Applying this principle we create methods and call them, this code reuse makes development and maintenance of software easier. Rather than copy and pasting code we want to reuse, creating a method reduces the maintenance burden. By creating one single point of truth, it means that instead of fixing bugs and changing the code in a number of locations, we fix them in one.
Dry code has a number of advantages:
- It is easy to maintain – rather than having multiple lines of code that do the same thing, having a single routine for that functionality means bug fixing is in one place
- It is easy to read – abstracted routines with small signatures can be easier to read than long repeating lines of code.
- Code in a routine is easier to reuse.
- Less unit tests – unit tests only have to be written for the one routine, not to test identical code.
- Less lines of code.
When you combine the above, DRY code saves developers time.
The DRY principle is sometimes violated in the following situations:
- If code analysis indicates there is duplicate code, a developer may decide the effort of refactoring a working code base costs more in terms of development effort and testing than leaving duplicates within the base.
- Whilst two routines may look identical, it is known that at some point in the future they will diverge.

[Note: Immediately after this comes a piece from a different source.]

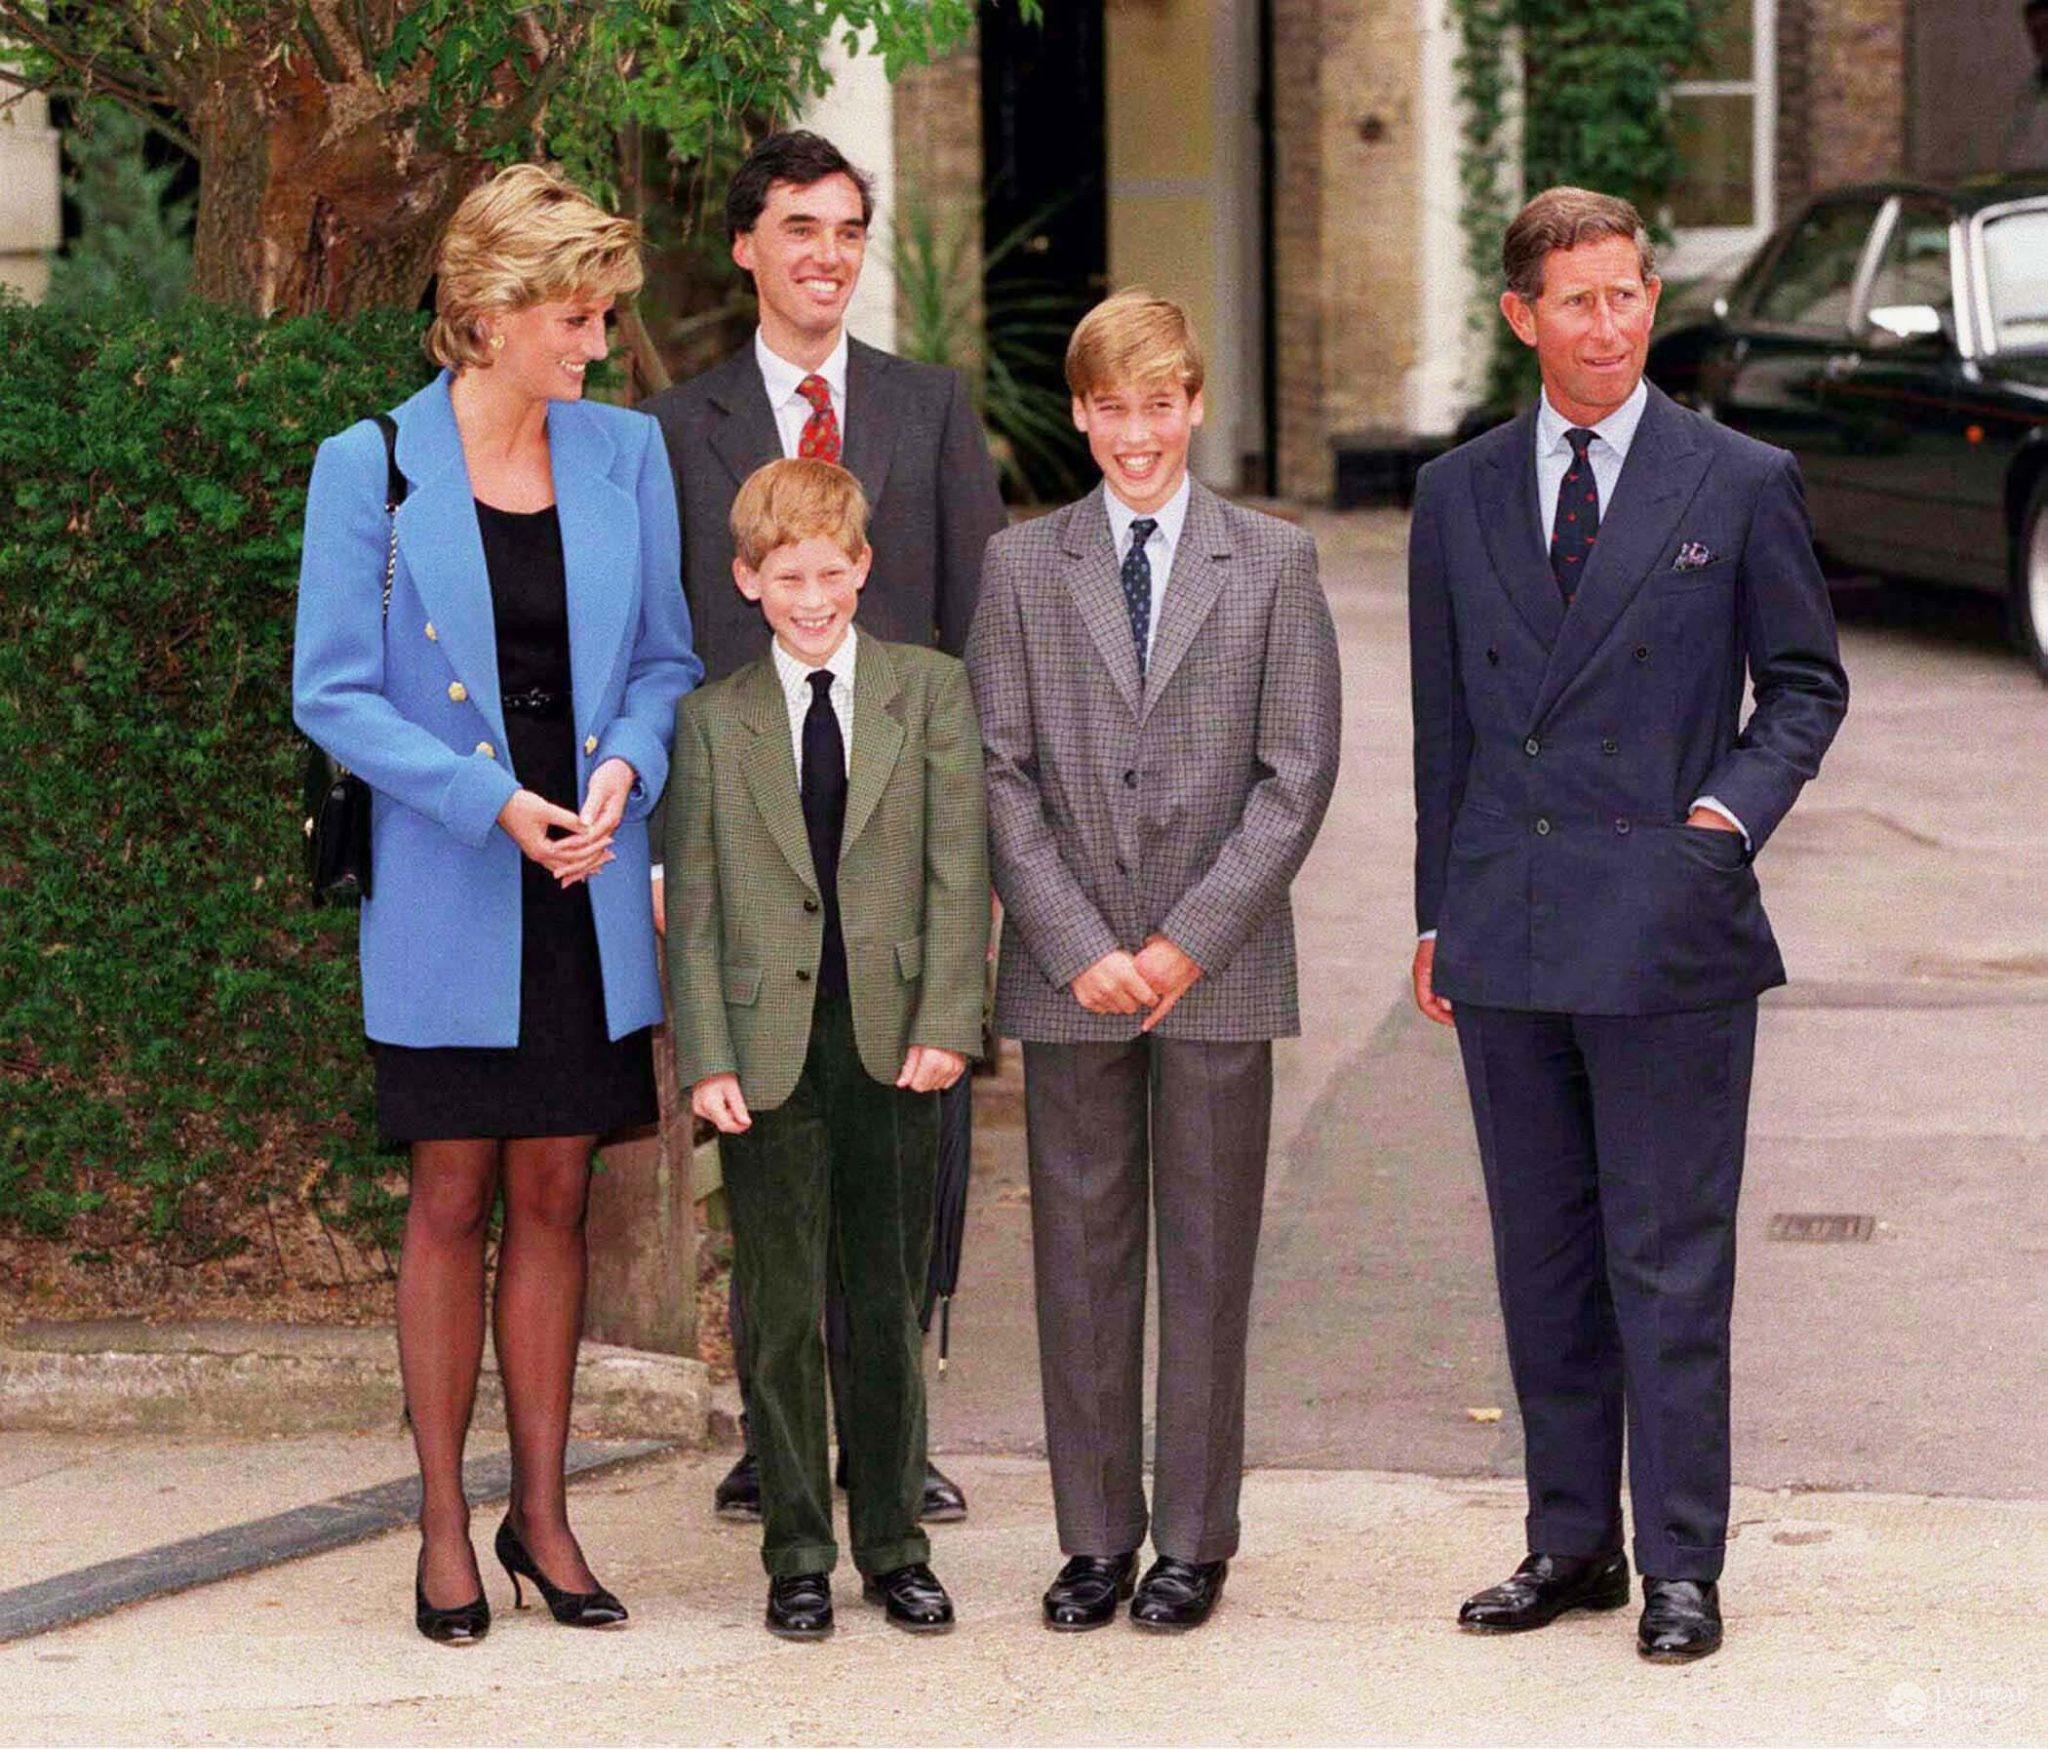 Książę Karol i księżna Diana z synami Williamem i Harrym w 1995 roku (fot. ONS)
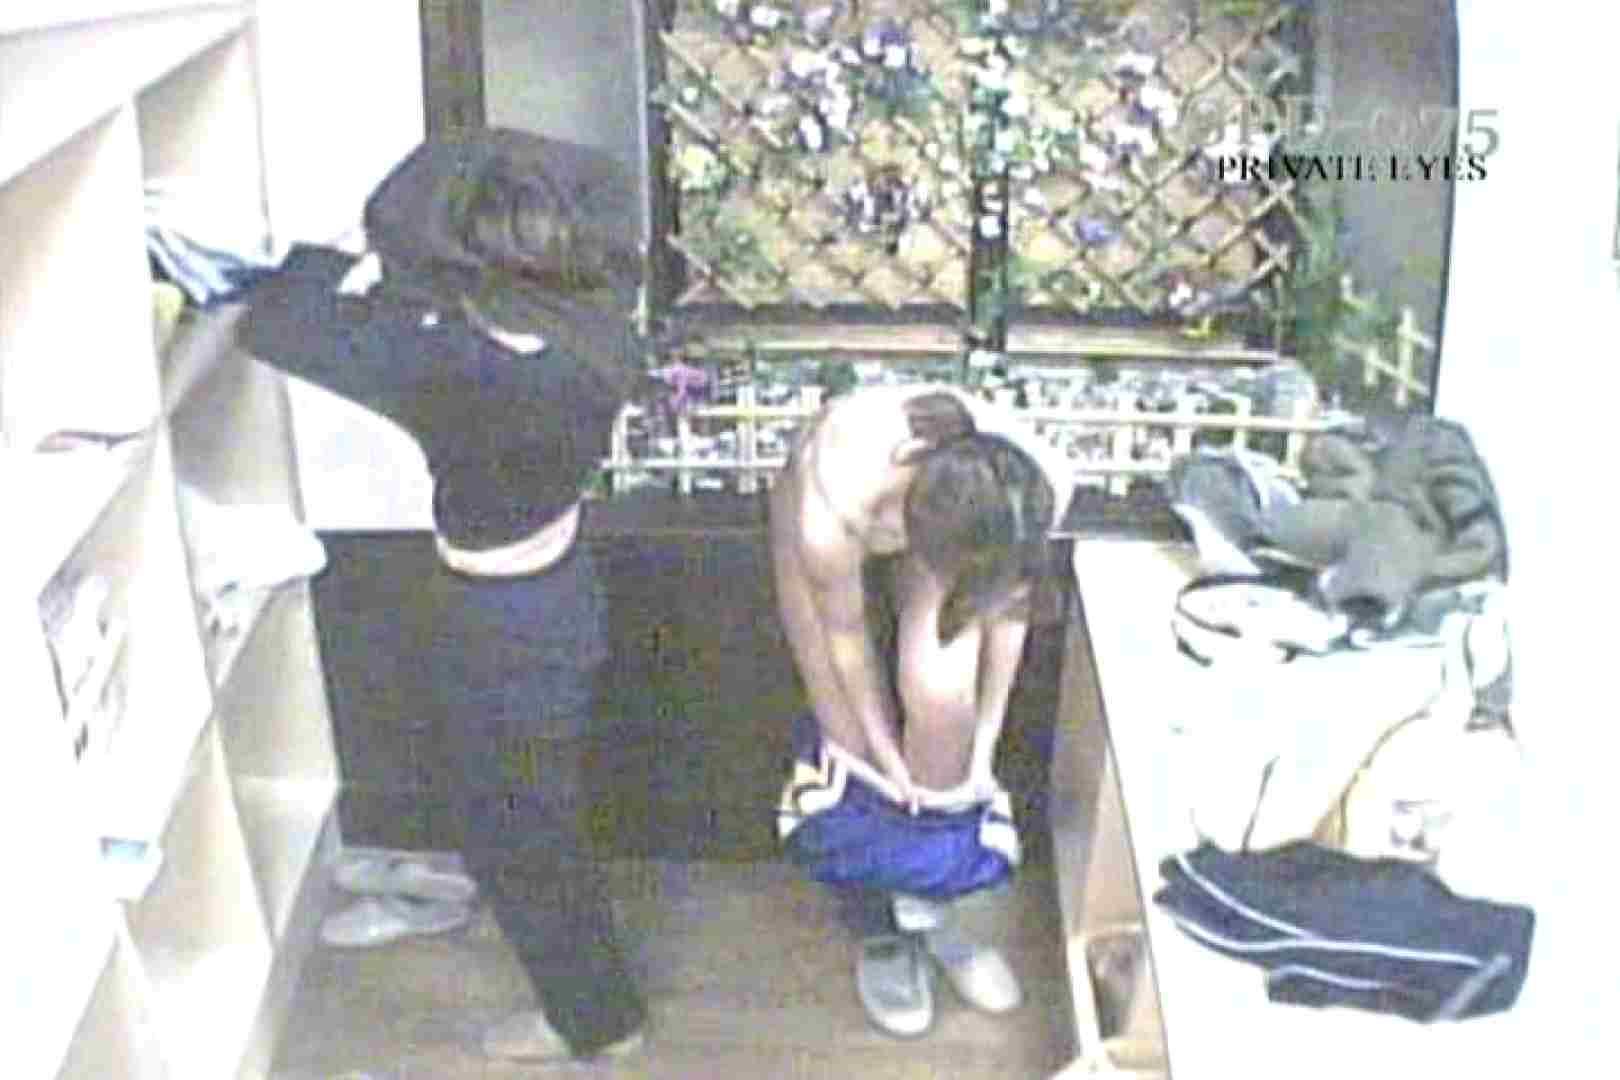 高画質版!SPD-075 脱衣所から洗面所まで 9カメ追跡盗撮 盗撮 おまんこ無修正動画無料 45連発 44

- Passing too many variables into a routine can make the routine harder to read and introduces a burden on developers for understanding the context of the variables.
Libraries
Libraries are an extension of the DRY methodology. They allow code to be reused across projects, and developers to concentrate on tasks key to the project they are working on.
Umbraco is a great example of this by using Umbraco to content manage the website and apps, developers can focus on how the pages and apps are built. Developers no longer need to build the use interface and database interactions that would be required for administrators to manage their website and applications.
Using recognised libraries in a project is excellent:
- They are tested by the software teams developing them.
- Development teams which use them round the world become testers for the libraries, ironing out issues faster.
- Documentation for recognised libraries tends to be high, code samples are generally easy to find, and meetups and communities such as https://our.umbraco.com/ exist.
- Potential new hires recognise the libraries.
In-House Libraries
In-house libraries allow developers to collect together knowledge and share it across the team. They prevent repetition of tasks and tend to build on commercially available and open source platforms.
There are generally two approaches to building core libraries
- A technical architect has reviewed the requirements of a number of projects, found the duplicated functionality and designed an architecture around it.
- Where a developer wants to reuse functionality from one project in another, and writes a library to do this.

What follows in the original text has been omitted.